Regular Instapundit poster Stephen Green links to a Lawrence Person’s Battleswarm Blog column on China’s demographic challlenges. Some choice items:
China’s working-age cohort grew from 58% of the country in 1978 to 74% in 2010. But in less than twenty years, the UN predicts that number will be roughly back where it was in ‘78. By then, China will have twice as many seniors as children under 15.
Per capita wealth remains low, on the level of Mexico, the Maldives, and Kazakhstan. That means this mass of retirees won’t just contribute less to the economy, but will also require immense financial support — the kind China’s fractured pension and healthcare system isn’t remotely prepared for.

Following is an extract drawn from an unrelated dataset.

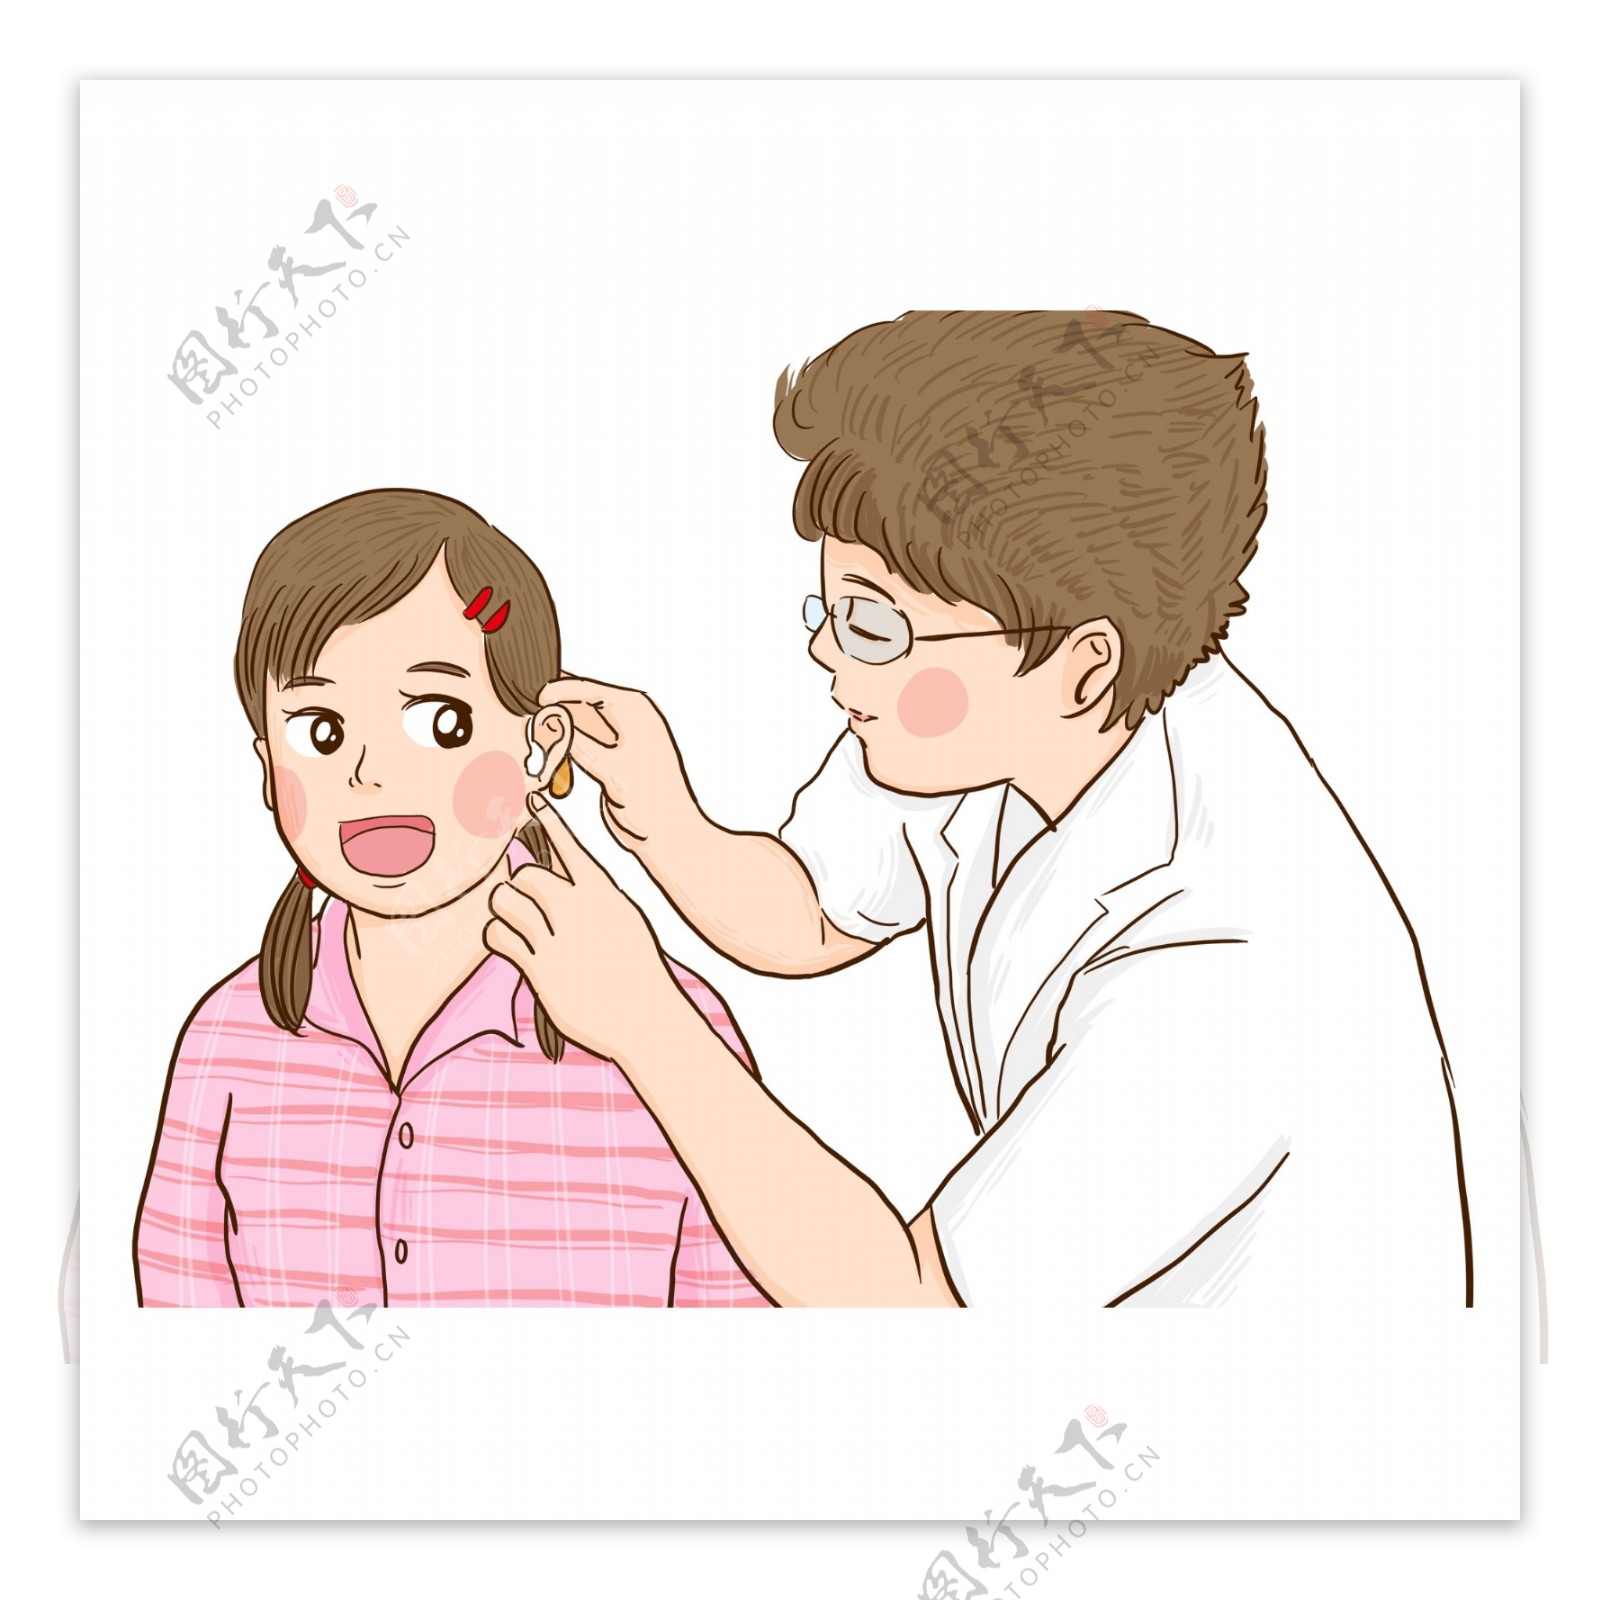 给病人戴助听器的医生漫画人物设计可商用元素

China’s 2020 Census, [tallied] 14.65 million births the previous year — the lowest level since 1961. Japan, which is also aging, provides a best case scenario. With a median age of 48.6, Japan is the 2nd oldest place on earth. Today, its share of the world’s manufacturing exports has fallen from 12.5% to just 5.2. Japan did not fade into global irrelevance. It’s still a great power. But it never fulfilled what once seemed certain: its rise to rival the U.S. as a superpower. And it never will.
I remember the “Japan will own the world” period, and its subsequent demise. Most ‘Japanese cars’ sold in the U.S. are built right here by U.S. workers. Is the hope China’s “arc of history” follows a similar meteoric path an unrealistic one? In a word … no.